A partir de entonces nos vimos cada día y a veces lo invitaba a comer y otras veces me invitaba él a cenar, salía barato, no era una persona que comiera mucho, se tomaba por las mañanas su infusioncita de manzanilla y cuando no había manzanilla pedía tila o menta o la hierba que hubiera a mano, no probaba el café ni el té y no comía nada que estuviera frito, parecía un musulmán, no probaba ni el cerdo ni el alcohol y siempre llevaba un montón de pastillas consigo. Che Belano, le dije un día, pero si pareces una botica ambulante, y él se rió como sin ganas, como si dijera no me embromes, Urenda, que no estoy para esas macanas. En el aspecto mujeres, que yo sepa, se arreglaba de lo más bien solo. Una noche Joe Rademacher, el periodista norteamericano, nos invitó a varios de nosotros a un baile en el barrio de Para para celebrar el fin de su misión en Angola. El baile era en la parte de atrás de una casa particular, en un patio de tierra apisonada, y las hembritas abundaban que daba gusto. Como hombres modernos, todos llevábamos nuestras provisiones de preservativos bien surtidas, menos Belano, que se unió al grupo a última hora debido más que nada a mi insistencia. No les voy a decir que no bailó porque la verdad es que sí bailó, pero cuando le pregunté si tenía condones o si quería que yo le pasara alguno de los míos, él se negó en redondo y me dijo: Urenda, yo no preciso de esos artilugios o algo que sonaba parecido, por lo que presumo que se limitó a bailar.

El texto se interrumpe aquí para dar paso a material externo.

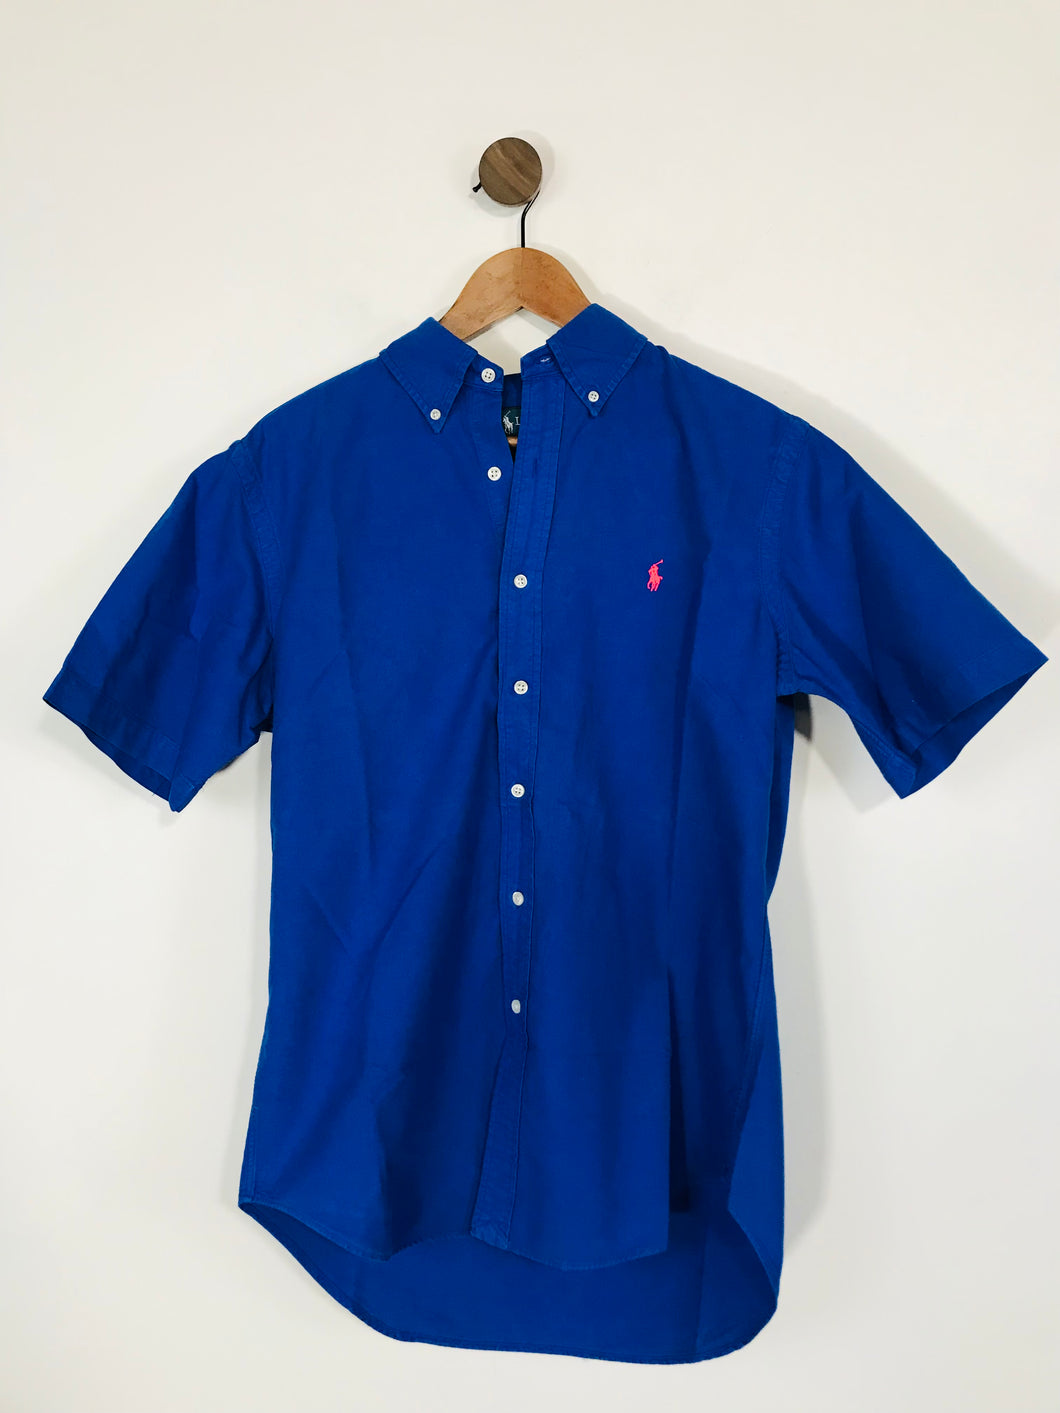 Ralph Lauren Women's Classic Fit Short Sleeve Button-Up Shirt | M UK10-12 | Blue

Cuando volví a París él se quedó en Luanda. Tenía pensado ir hacia el interior, en donde aún pululaban las bandas armadas e incontroladas. Antes de marcharme tuvimos una última conversación. Su historia era bastante incoherente. Por un lado saqué la conclusión de que la vida no le importaba nada, de que había conseguido el trabajo para tener una muerte bonita, una muerte fuera de lo normal, una imbecilidad de ese estilo, ya se sabe que mi generación leyó a Marx y a Rimbaud hasta que se le revolvieron las tripas (no es una disculpa, no es una disculpa en el sentido que ustedes creen, para el caso no se trata de juzgar las lecturas). Pero por otro lado, y esto resultaba paradójico, él se cuidaba, se tomaba cada día religiosamente sus pastillitas, una vez lo acompañé a una botica de Luanda buscando algo que se pareciera al Ursochol, que es ácido ursodeoxicólico y que era lo que más o menos le mantenía abierto su colédoco esclerosado o algo así, y Belano en estas lides se comportaba más bien como si su salud le importara mucho, yo lo vi meterse en la botica hablando un portugués del infierno, lo vi revisar las estanterías, primero por orden alfabético y luego al azar, y cuando salimos, sin el condenado ácido ursodeoxicólico, yo le dije che Belano, no te preocupes (pues le vi en la cara una sombra del demonio), yo te lo mando apenas llegue a París, y entonces él me dijo: sólo se consigue con receta médica, y yo me puse a reír y pensé este compadre tiene ganas de vivir, qué va a querer morirse.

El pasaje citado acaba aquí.